Now, if it is watery, it can't have too much water, otherwise it will undoubtedly have an ocean several hundred miles deep, and at the bottom of that ocean will be a peculiar form of pressurized ice.
And that's not a good place for terrestrial life to form. Then again,
if it is rocky, then with the radius being what it is, it is more likely
a big super Venus, and that's no place to hang out. And if it is gassy, then it is a mini-Neptune, and again, no place you'd want to spend time at.
But,
what the hell, SETI needs a new pair of shoes, and if they get to use
their radio telescopes to check it out for Space Command for "space
situational awareness", then why not? I can tell them right now, save
them some time, that nope, nobody home. No life. Just like Mars. But
hey, whatever, better to spend the money on that than tax breaks for job
creators, which has done us Earthlings so much good.
And,
you know, Space Command kind of reminds of Alpha Control from the old
"Lost in Space" TV series. The series was just so hokey, not serious
the way Star Trek was, but looking back, I suspect they had a better
take on all things alien out there. Which is, if they are out there (and
Where Are They?), they
really don't give a shit about us. I mean, every time the Robinson's ran
into a technologically superior alien race, which was always, the aliens were about as happy to see them as you are a homeless person wanting to wash your car windshield.
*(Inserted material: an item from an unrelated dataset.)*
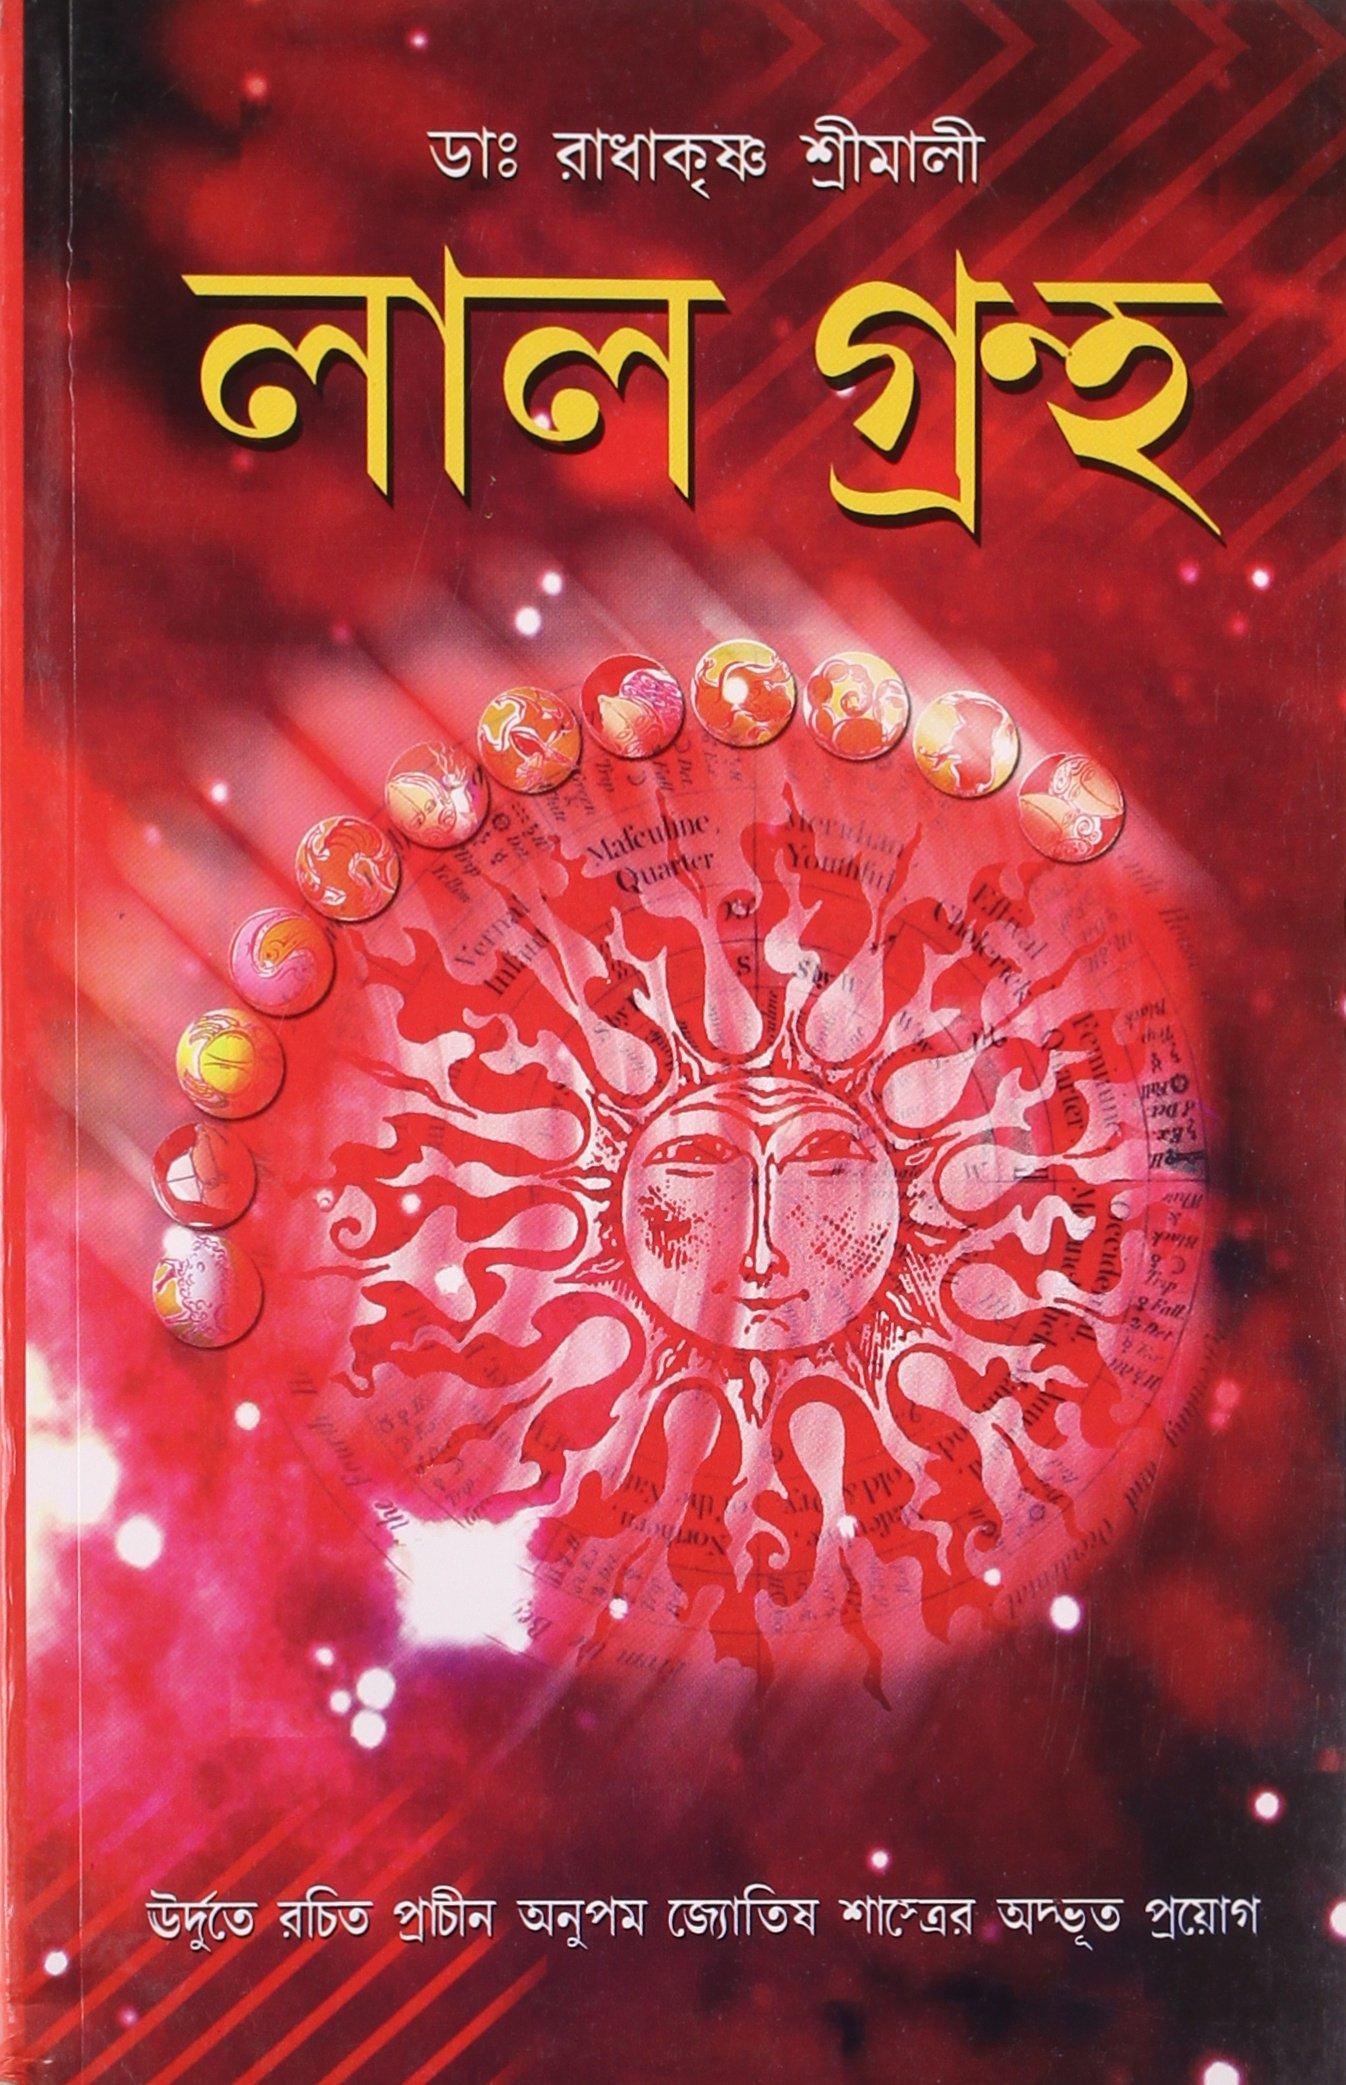 Lal Kitab Book In Bengali Pdf

"No. No. No. No. Thank you. NO! Oh. Shit. Fine. Here. Here is some neutronium. Yes. You're welcome".
But
honestly, that's the way it was, well, that and fuses had been invented
so you didn't have sparks flying over the place whenever the power was
turned on. But, hey, cut Irwin Allen some slack. I hear he was as
bugfuck crazy as Mickey Rooney). And all the space alien babes have
super powers and wear capes.
Anyway, Kepler-22b. Nothing there. Okay. Nothing. Except, oh, maybe the Bugs.